Addressing the Elephant: "Don't Put Secrets in Git"
The most common pushback against GitOps CLM is the valid security mandate: Never store private keys in Git.
It is crucial to understand the difference between declarative CLM and committing PEM files. In the workflow described above, no private key material ever touches the Git repository. Git only contains the instructions (the CRDs) on how to obtain the certificate. The actual cryptographic material is generated dynamically inside the secure boundary of the Kubernetes cluster.
If you have legacy systems that require you to inject existing, externally generated certificates into your cluster via GitOps, you must use secrets management tools. Projects like the External Secrets Operator (ESO) allow you to store the actual certificate in AWS Secrets Manager or Azure Key Vault. You then commit an ExternalSecret manifest to Git, which instructs the cluster to fetch the sensitive payload securely at runtime.

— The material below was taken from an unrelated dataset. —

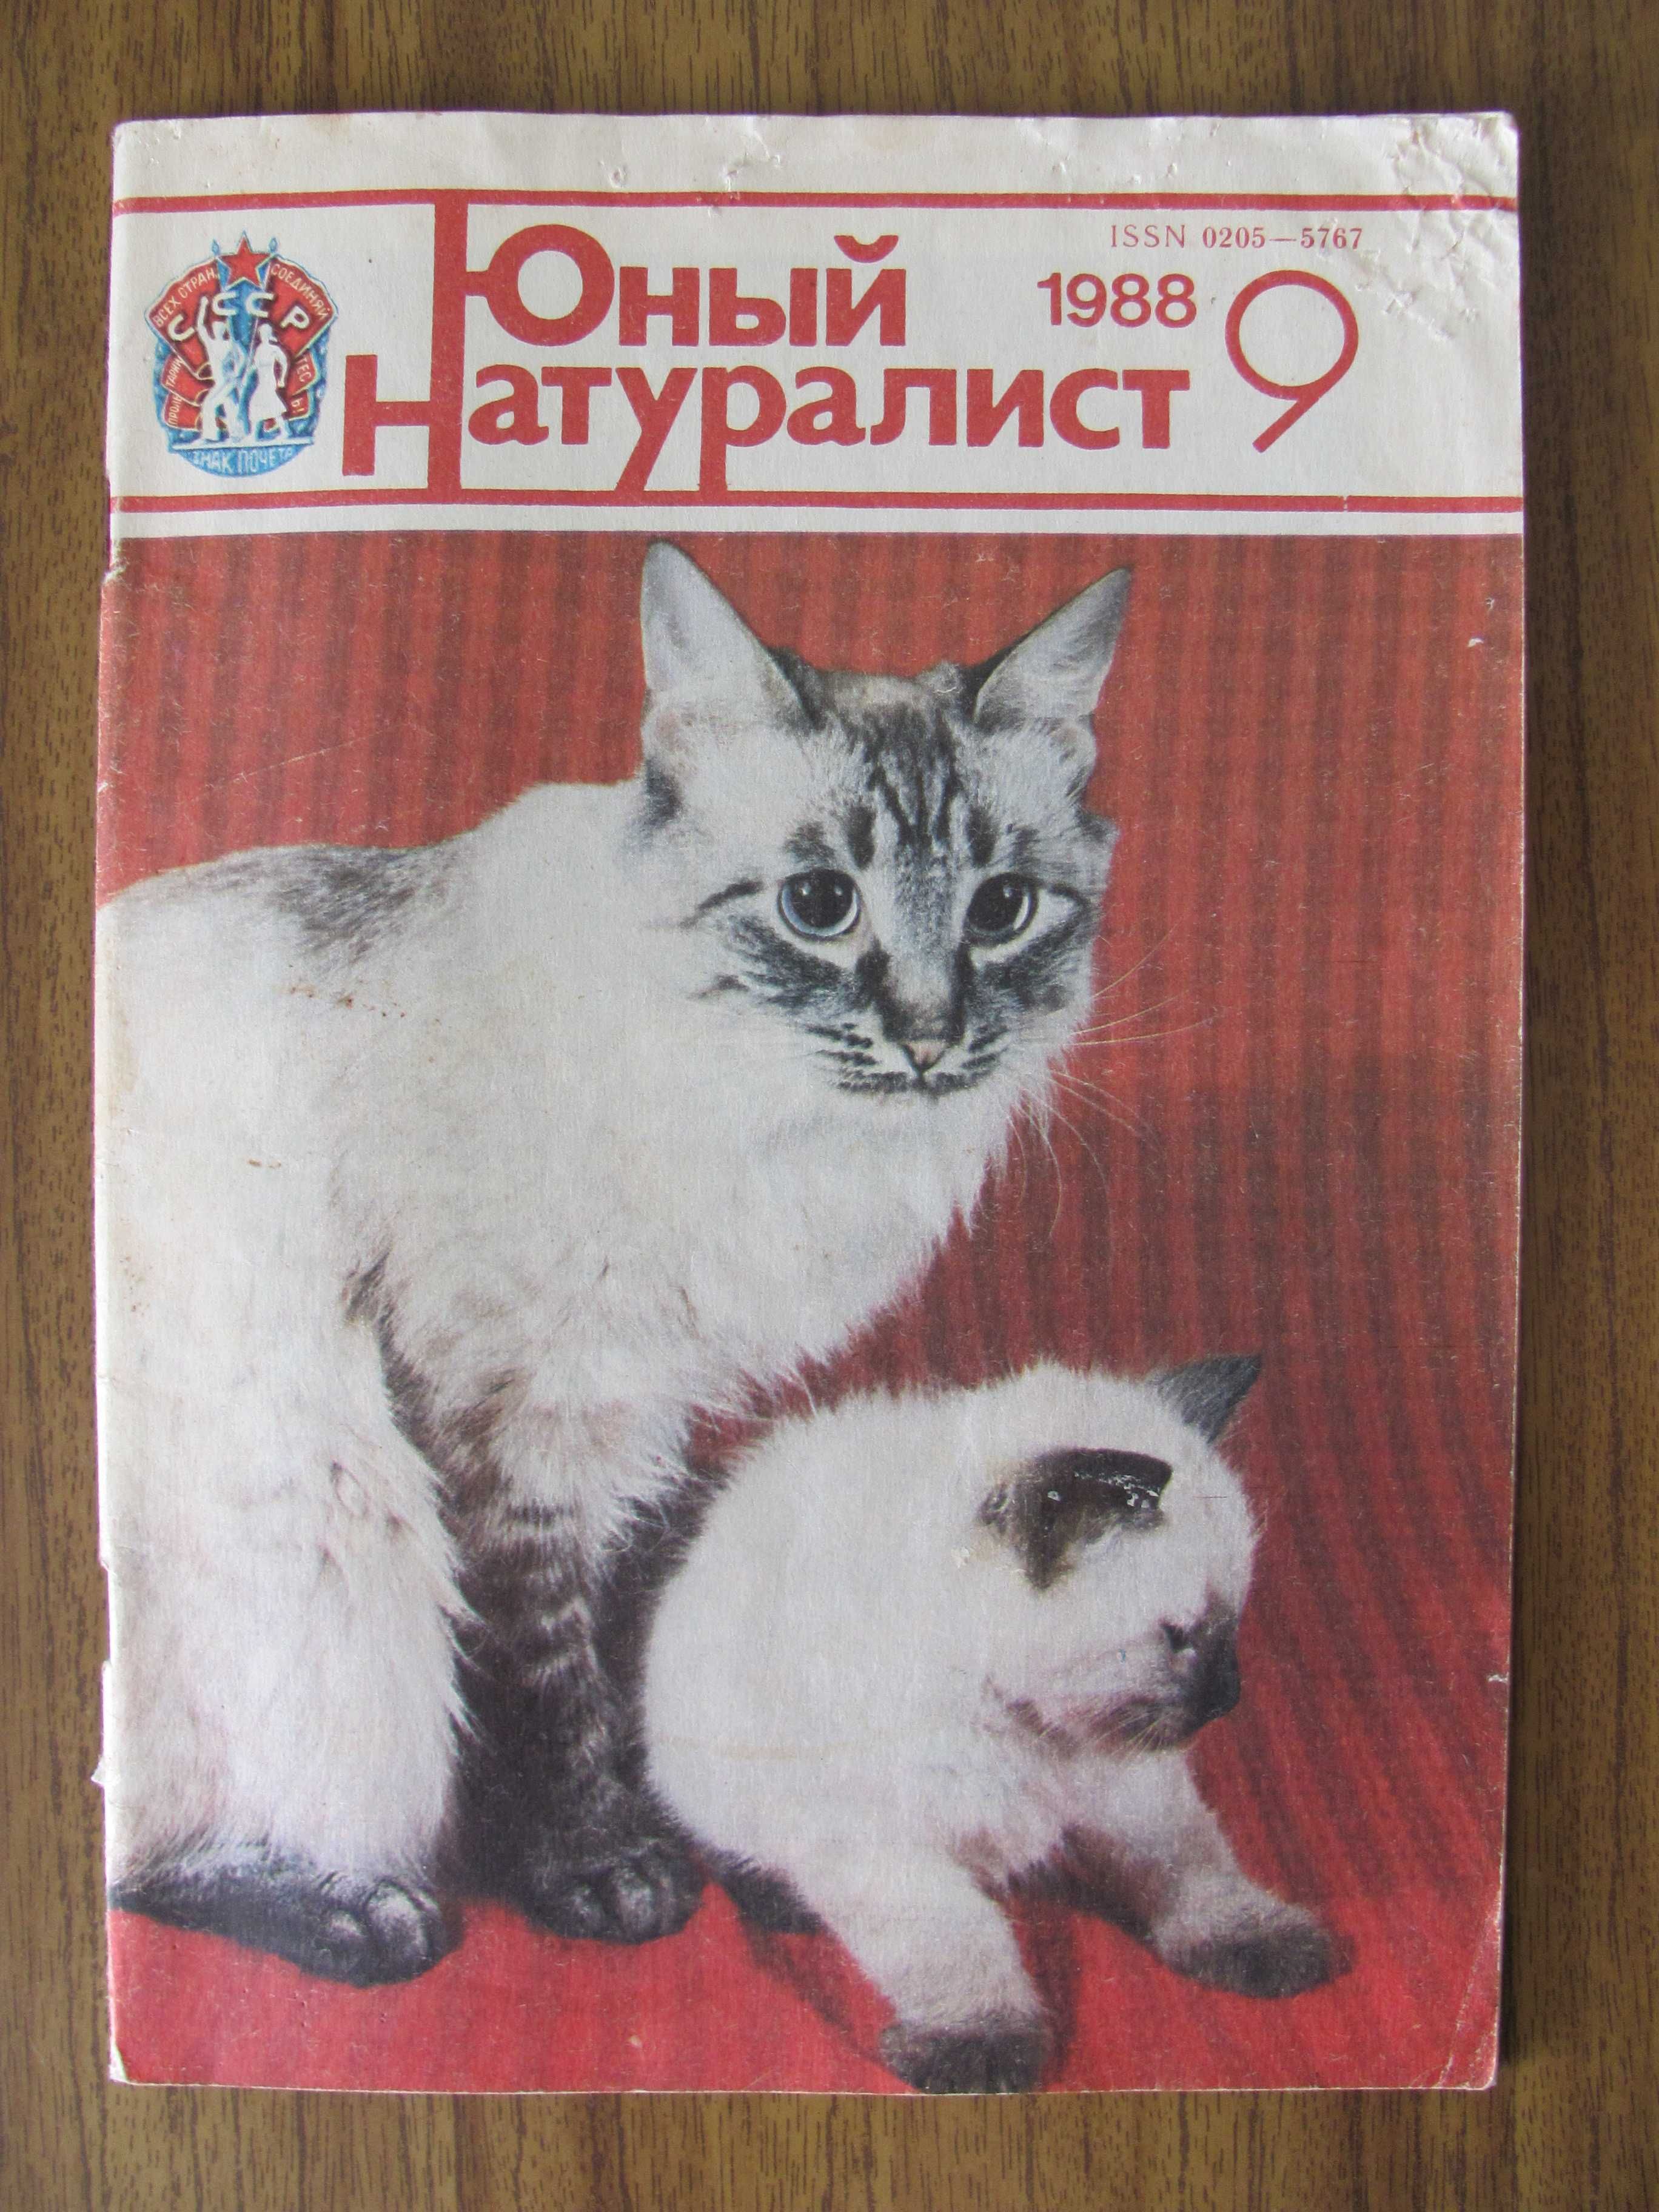 Журнал из СССР Юный натуралист 1988 г. выпуск № 9 – любимый с детства!

Alternatively, tools like Sealed Secrets allow you to safely commit one-way encrypted secrets to Git, which can only be decrypted by a private key held tightly by a controller inside the cluster.
Security, Compliance, and Crypto-Agility
Transitioning to a GitOps CLM approach provides massive benefits for security and compliance teams:
The Ultimate Audit Trail
Compliance frameworks like PCI-DSS v4.0 and the EU's NIS2 Directive mandate strict management and auditing of cryptographic assets. With GitOps, git log becomes your compliance report. You can instantly prove to auditors exactly who requested a certificate, who approved the pull request, when it was deployed, and what the exact configuration was.
Rapid Incident Response
Consider a scenario where an internal Certificate Authority is compromised. In a traditional environment, revoking and reissuing thousands of certificates could take weeks. In a GitOps environment, you simply update the issuerRef in your Git repository to point to a new, secure CA. ArgoCD instantly syncs the change, and cert-manager automatically reissues and rotates every single certificate in your infrastructure within minutes.
Post-Quantum Readiness
As NIST finalizes PQC standards (FIPS 203, 204, and 205), organizations will soon need to swap their RSA and ECC certificates for quantum-resistant algorithms. GitOps enables "crypto-agility." Changing the privateKey.algorithm field in a Helm chart or Kustomize base and merging a single pull request is all it takes to upgrade your entire fleet to post-quantum cryptography.
Trust, but Verify: The Role of External Monitoring
While GitOps and tools like cert-manager provide incredibly robust automation, automation can—and eventually will—fail.
What happens if Let'